What you will do
Using the data that follows, output only the lines from the line with "Tampoane Compak Super" up to and including the line with "Nany Hudák & SHZ, Sen Fiction, CD", exactly, leaving pictures aside.

Exercise data
◇ ◇ ◇ ◇ ◇ ◇ ◇

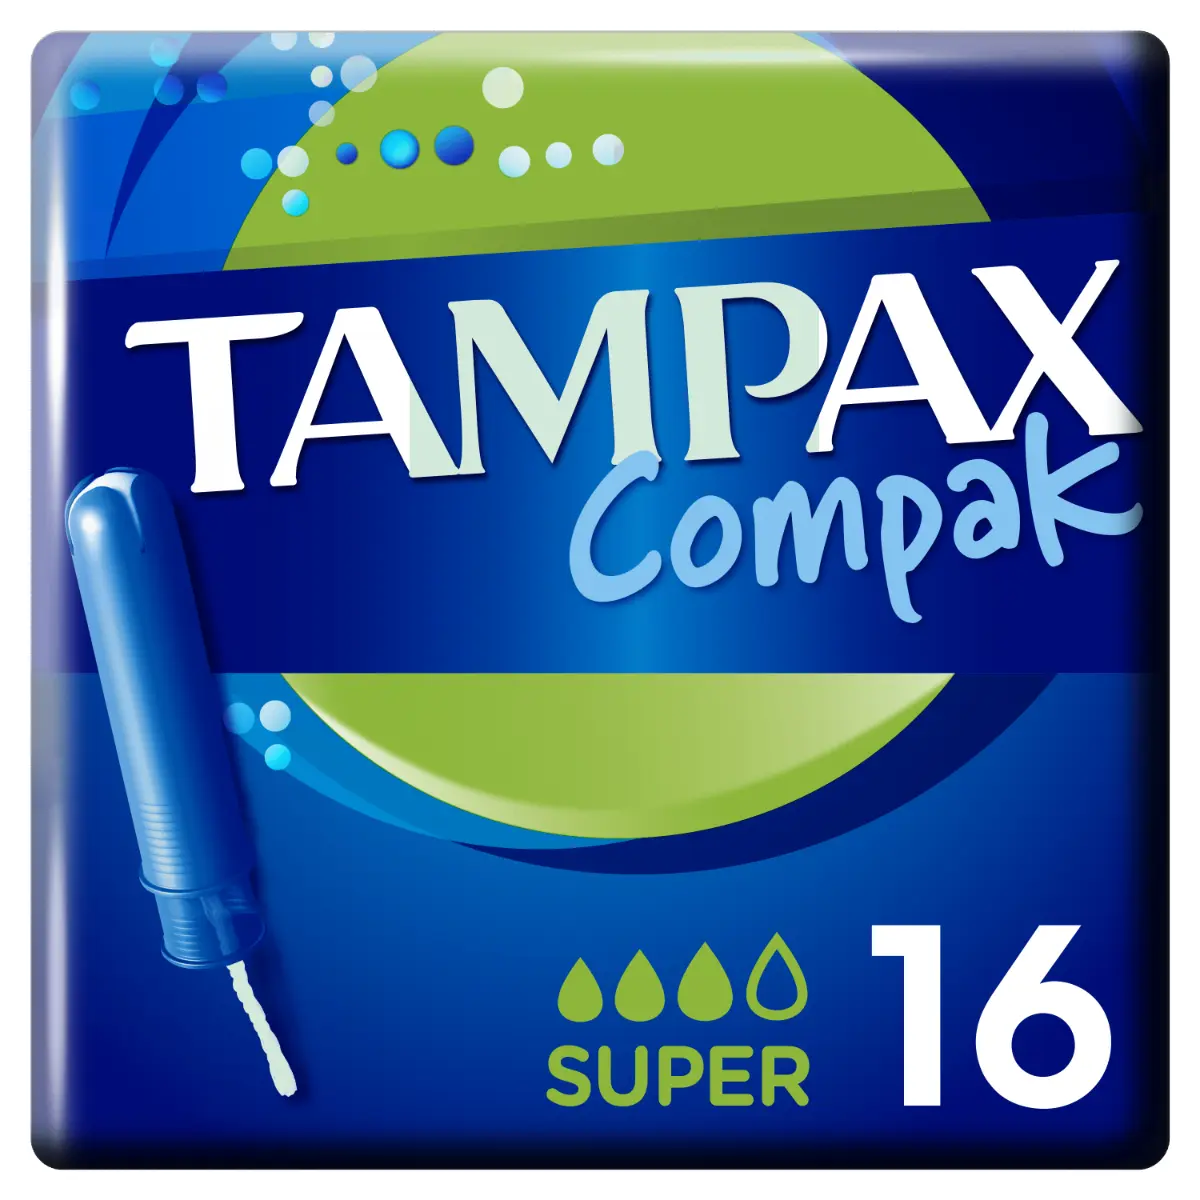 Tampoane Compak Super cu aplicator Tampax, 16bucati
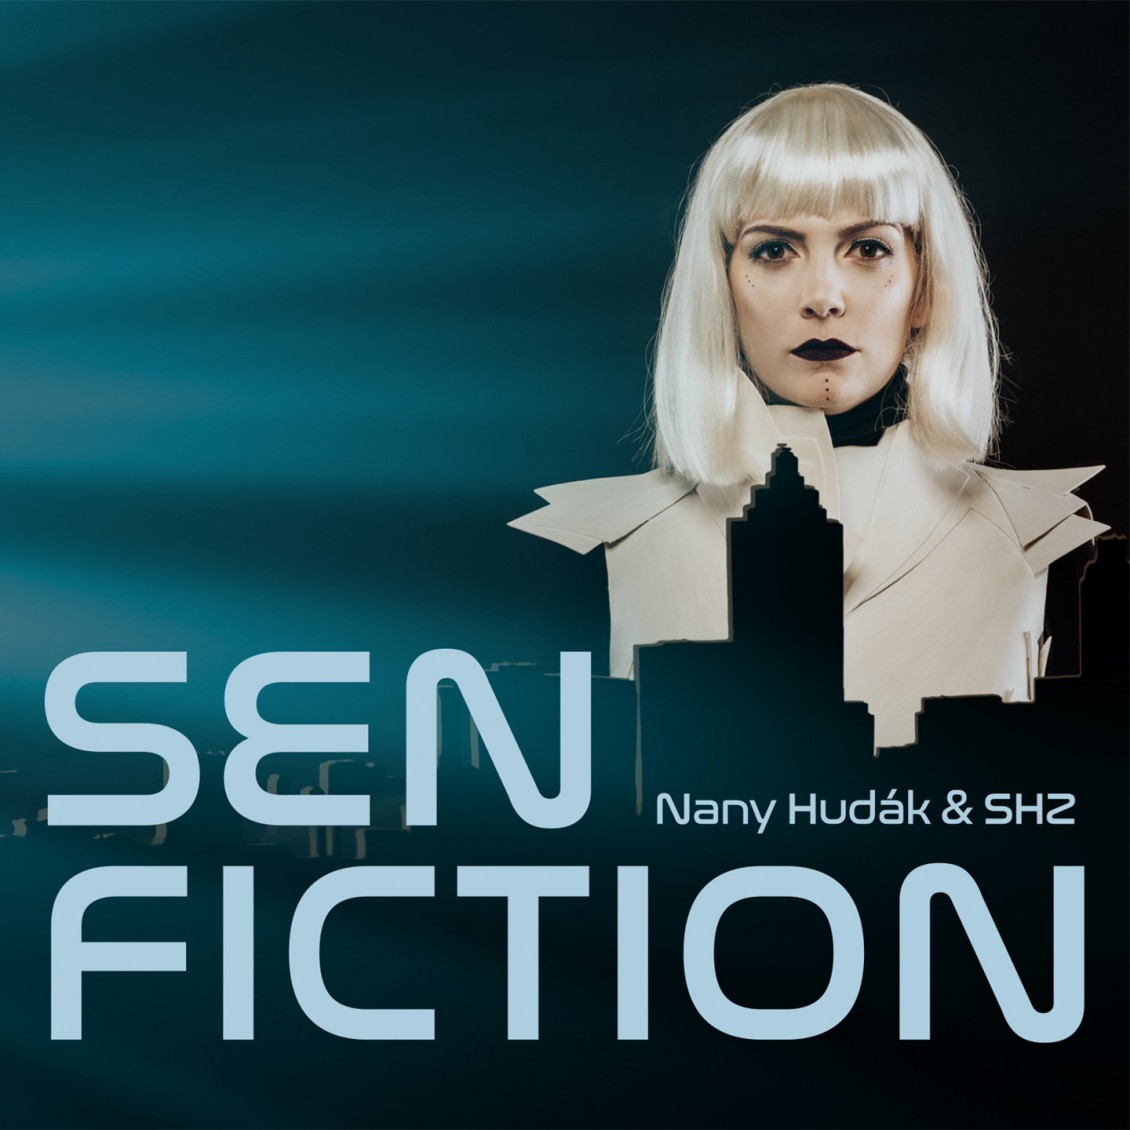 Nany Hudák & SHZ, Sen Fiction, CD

◇ ◇ ◇ ◇ ◇ ◇ ◇

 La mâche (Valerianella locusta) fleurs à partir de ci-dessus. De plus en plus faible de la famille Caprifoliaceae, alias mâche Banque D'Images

◇ ◇ ◇ ◇ ◇ ◇ ◇

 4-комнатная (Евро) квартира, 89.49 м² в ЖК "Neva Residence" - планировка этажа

◇ ◇ ◇ ◇ ◇ ◇ ◇

Response to this task
 Tampoane Compak Super cu aplicator Tampax, 16bucati
 Nany Hudák & SHZ, Sen Fiction, CD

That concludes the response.